Exercise instructions: Repeat exactly the stretch of lines that starts with the one containing "Куртка с лаковыми" and ends with the last line of the material. Leave out pictures.

[[ Information shown, beginning ]]

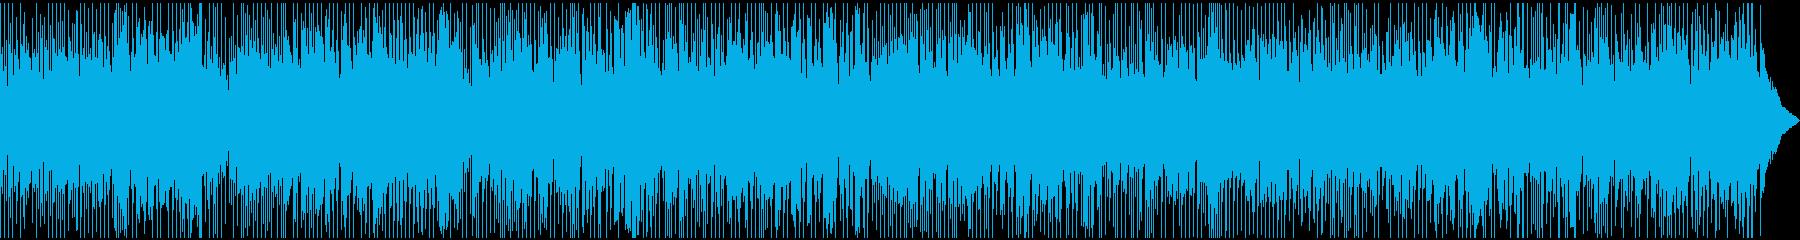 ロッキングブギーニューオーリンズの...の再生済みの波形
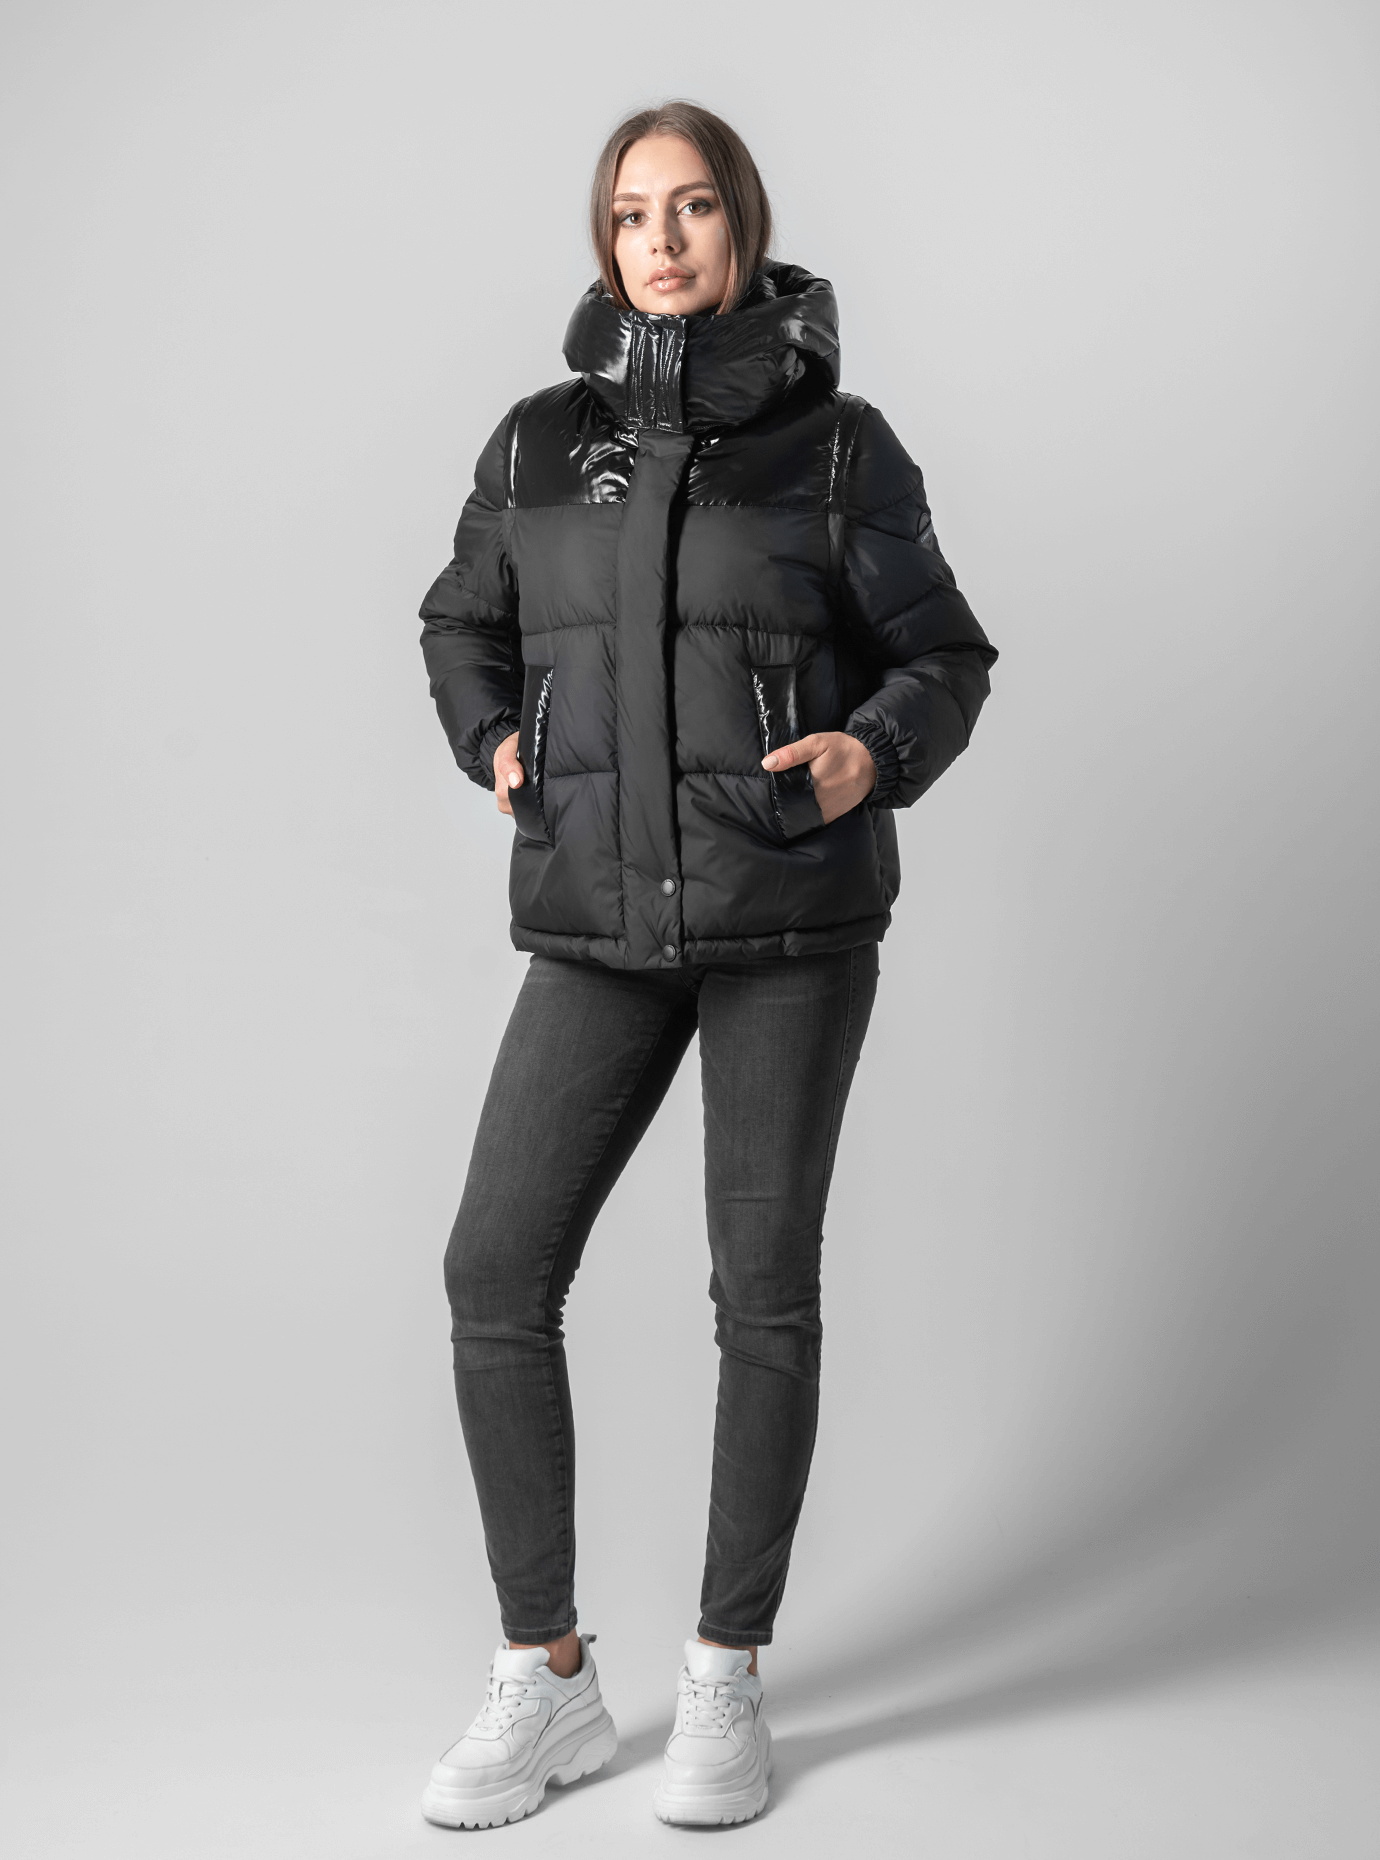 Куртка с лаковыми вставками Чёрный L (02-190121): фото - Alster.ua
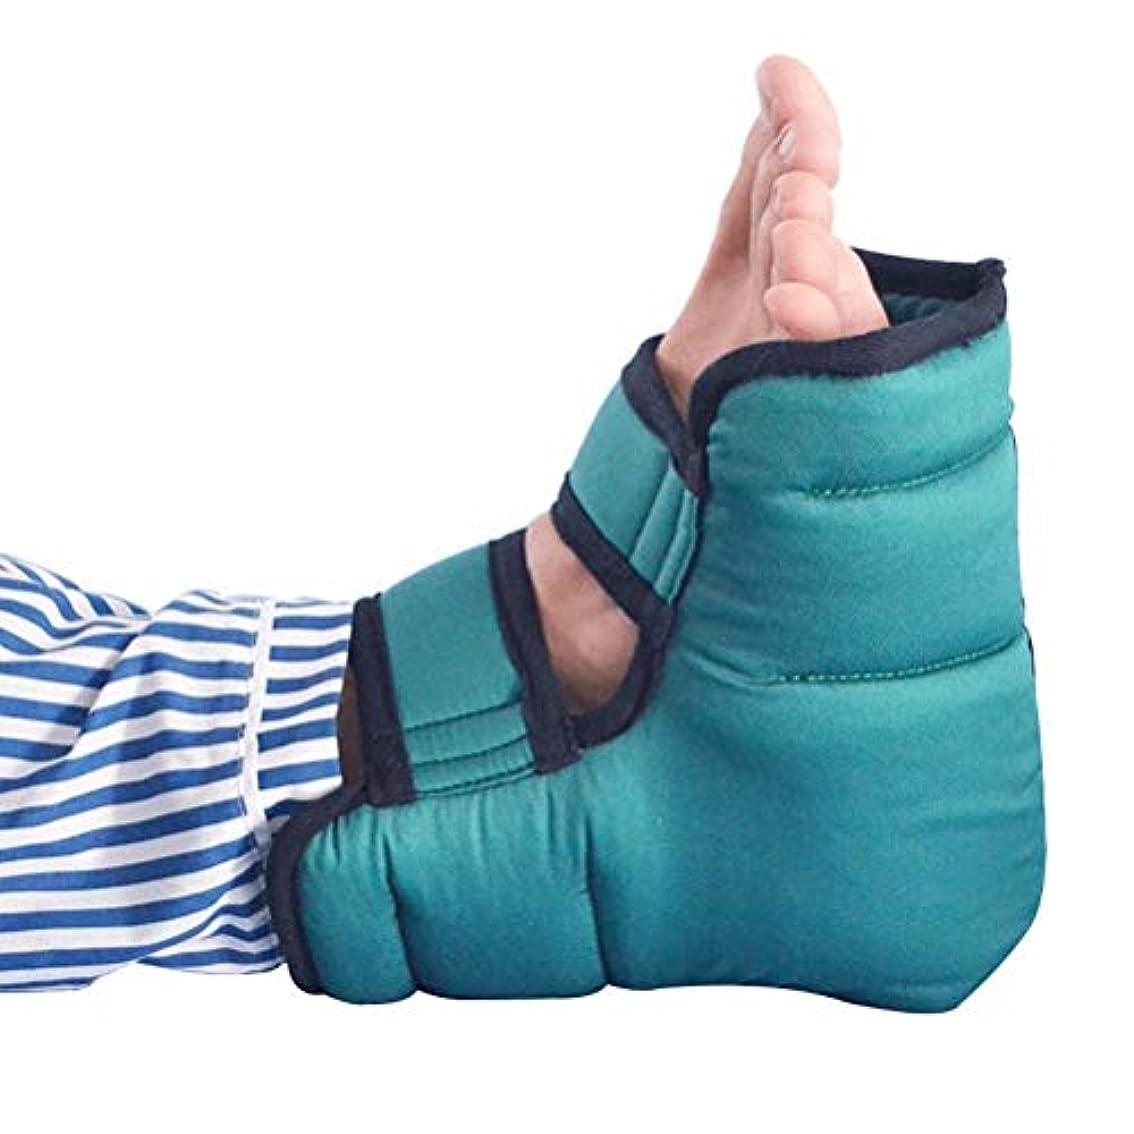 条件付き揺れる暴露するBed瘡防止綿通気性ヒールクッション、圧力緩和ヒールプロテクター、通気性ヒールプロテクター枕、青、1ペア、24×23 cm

[[ Information shown, end ]]

Result:
 Куртка с лаковыми вставками Чёрный L (02-190121): фото - Alster.ua
 条件付き揺れる暴露するBed瘡防止綿通気性ヒールクッション、圧力緩和ヒールプロテクター、通気性ヒールプロテクター枕、青、1ペア、24×23 cm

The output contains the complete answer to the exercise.